Zachęcanie obywateli do donoszenia na innych, nawet na bliskich, nie jest patentem Pawki Morozowa. Amerykański program policyjny DARE polega m. in. na klasowych pogadankach, w czasie których dzieci w wieku od przedszkola do 12. klasy są zachęcane do informowania policjantów o przyzwyczajeniach i używkach rodziców, krewnych, sąsiadów czy znajomych.

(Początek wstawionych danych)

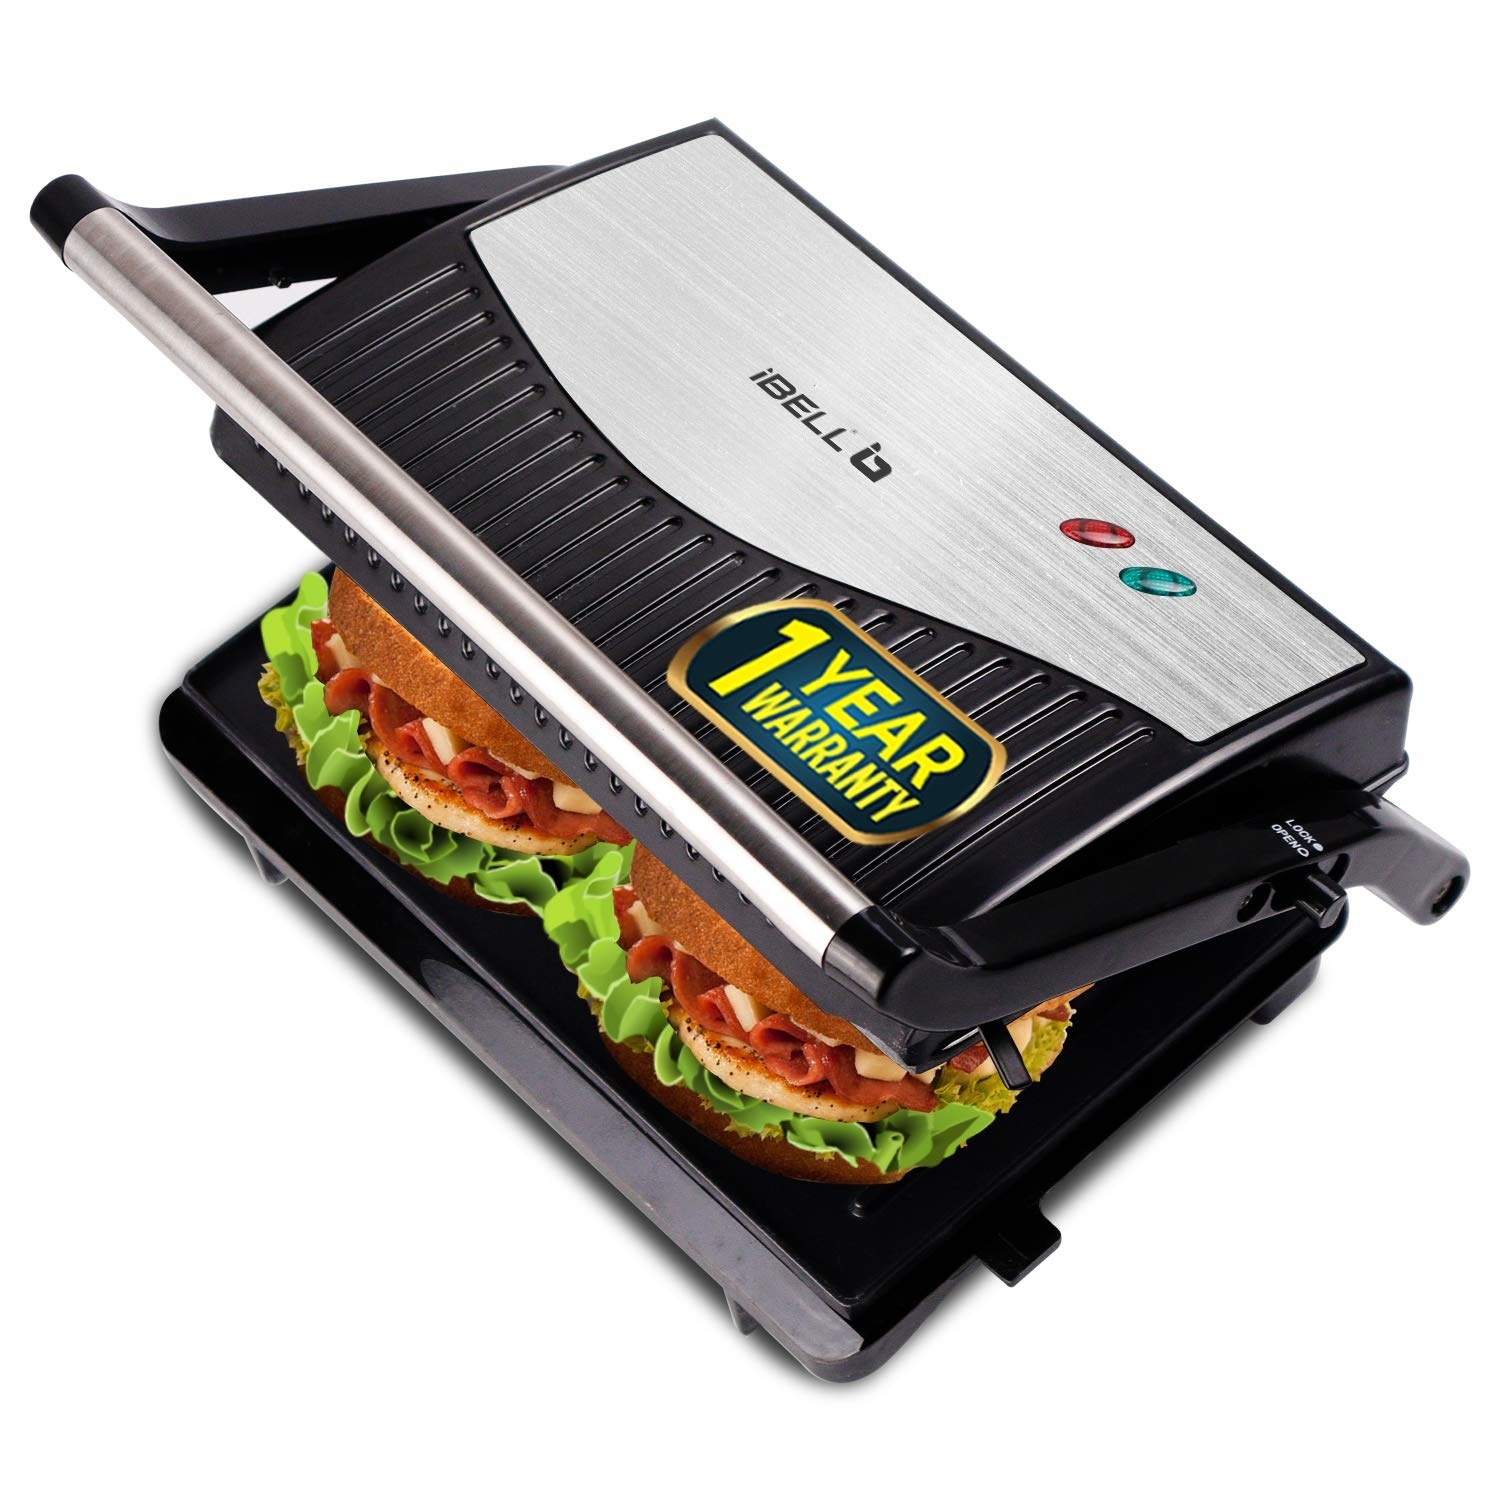 The panini grill with sandwiches in it.

Oczywiście dla dobra i zdrowia tych ludzi: panie i panowie z policji przecież tylko im pomogą, a nie zamkną rodziców w więzieniu, zaś małych donosicieli w domach dziecka. Za prezydentury Reagana program rozrósł się w międzynarodową ośmiornicę. Matka zamordowanego w Suwałkach nastolatka także sama zadzwoniła na policję w sprawie kawałka konopnej żywicy (haszyszu), który znalazła u syna. Koledzy uznali go później za kapusia i wywieźli nad jezioro jak w instruktażowym amerykańskim filmie o narkotykach. 

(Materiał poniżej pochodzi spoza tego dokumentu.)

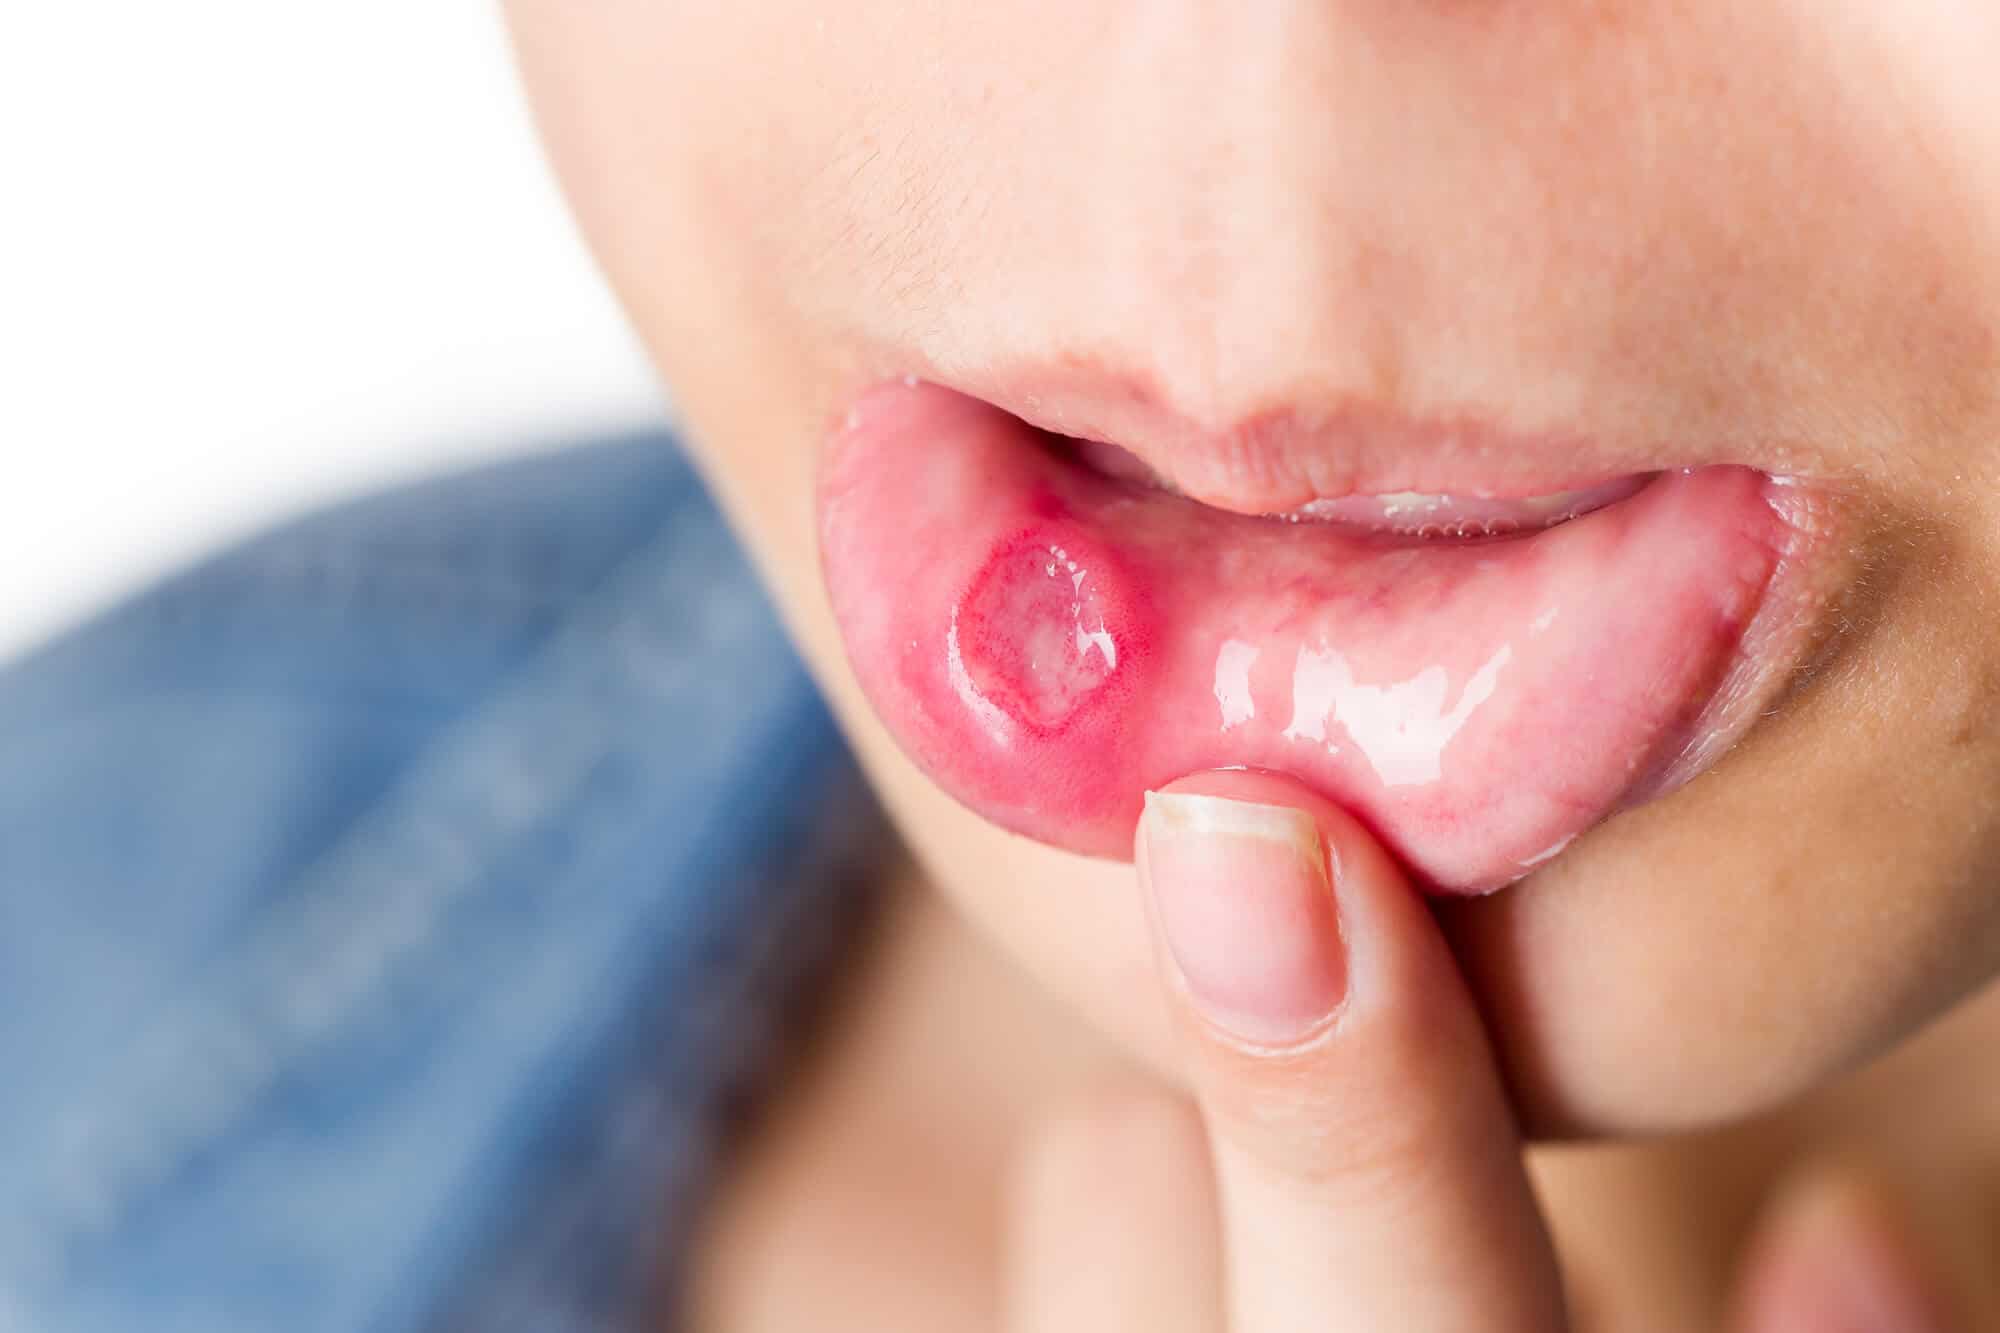 How to treat a cold sore?

Do uchwalenia tych i późniejszych szkodliwych bubli prawnych z pewnością by nie doszło, gdyby wciąż żył prof. Mikołaj Kozakiewicz, socjolog, Marszałek Sejmu X kadencji i Rzecznik Praw Obywatelskich oraz wielki obrońca prześladowanych. Jako jeden z niewielu polskich polityków posiadał rzetelną wiedzę o problemach walki z narkomanią i światowych rozwiązaniach w tej dziedzinie. Kozakiewicz był gorącym zwolennikiem leczenia i edukacji, a nie karania więzieniem uzależnionych przez system ludzi. Autor „Z księgi zakazów” był także orędownikiem legalizacji konopi. Dzisiaj artystka Weronika Kozakiewicz, wdowa po śp. Profesorze, wspiera ruch Wolne Konopie.